问题
I'm trying to write a script in databricks that will select a file based on certain characters in the name of the file or just on the datestamp in the file.
For example, the following file looks as follows:
LCMS_MRD_Delta_LoyaltyAccount_1992_2018-12-22 06-07-31
I have created the following code in Databricks:
import datetime
now1 = datetime.datetime.now()
now = now1.strftime("%Y-%m-%d")
Using the above code I tried to select the file using following:
LCMS_MRD_Delta_LoyaltyAccount_1992_%s.csv'% now
However, if you look closely you will notice that there is a space between the datestamp and the timestamp, i.e between 22 and 06
LCMS_MRD_Delta_LoyaltyAccount_1992_2018-12-22 06-07-31
It is because if this space that is preventing my code above from working.
I don't think Databricks supports wildcards so the following won't work:
LCMS_MRD_Delta_LoyaltyAccount_1992_%s.csv'% now
Someone once suggested TRUNCATING the timestamp.
Can someone let me know if:
A.TRUNCATING will solve this problem
B.Is there a way to my code LCMS_MRD_Delta_LoyaltyAccount_1992_%s.csv'% now
To select the whole file?
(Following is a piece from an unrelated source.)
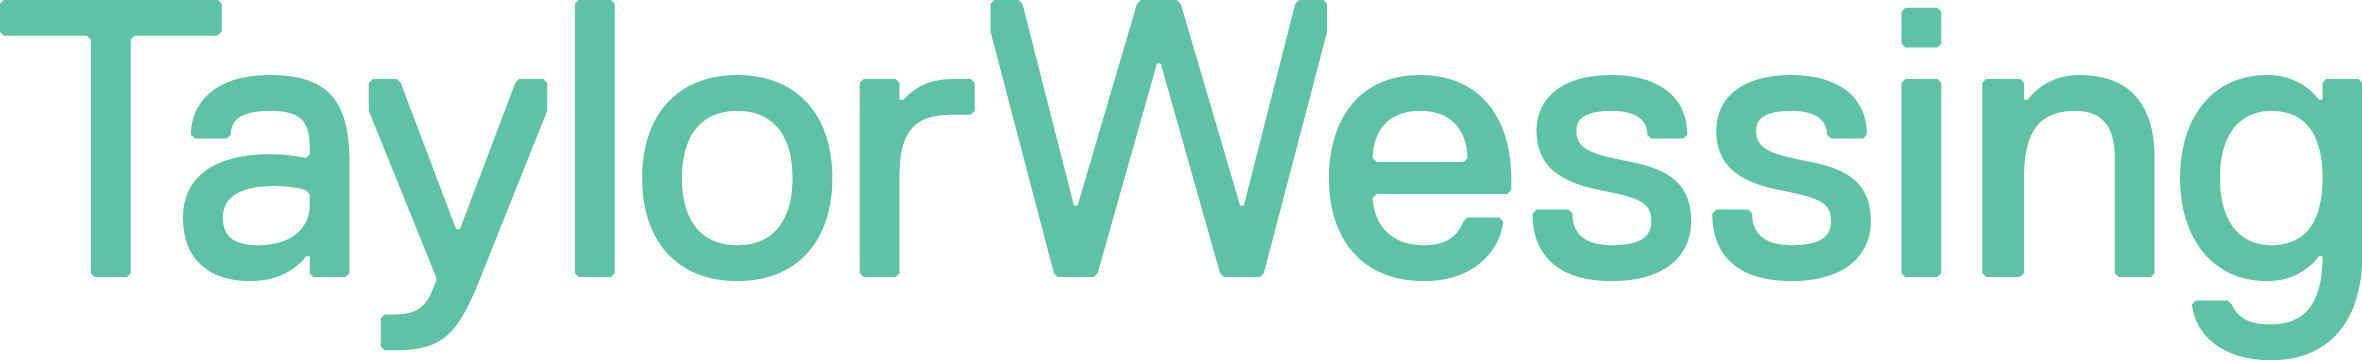 Logo Taylor Wessing green

Bearing in mind I definitely need to select based on current date.. I just want to be able to use my code to select on the file.
回答1:
You can read filenames with dbutils and can check if a pattern matches in an if-statement: if now in filname. So instead of reading files with a specific pattern directly, you get a list of files and then copy the concrete files matching your required pattern.
The following code works in a databricks python notebook:
1. Writing three files to the filesystem:
data = """
{"a":1, "b":2, "c":3}
{"a":{, b:3}
{"a":5, "b":6, "c":7}
"""
dbutils.fs.put("/mnt/adls2/demo/files/file1-2018-12-22 06-07-31.json", data, True)
dbutils.fs.put("/mnt/adls2/demo/files/file2-2018-02-03 06-07-31.json", data, True)
dbutils.fs.put("/mnt/adls2/demo/files/file3-2019-01-03 06-07-31.json", data, True)
2. Reading the filnames as a list:
files = dbutils.fs.ls("/mnt/adls2/demo/files/")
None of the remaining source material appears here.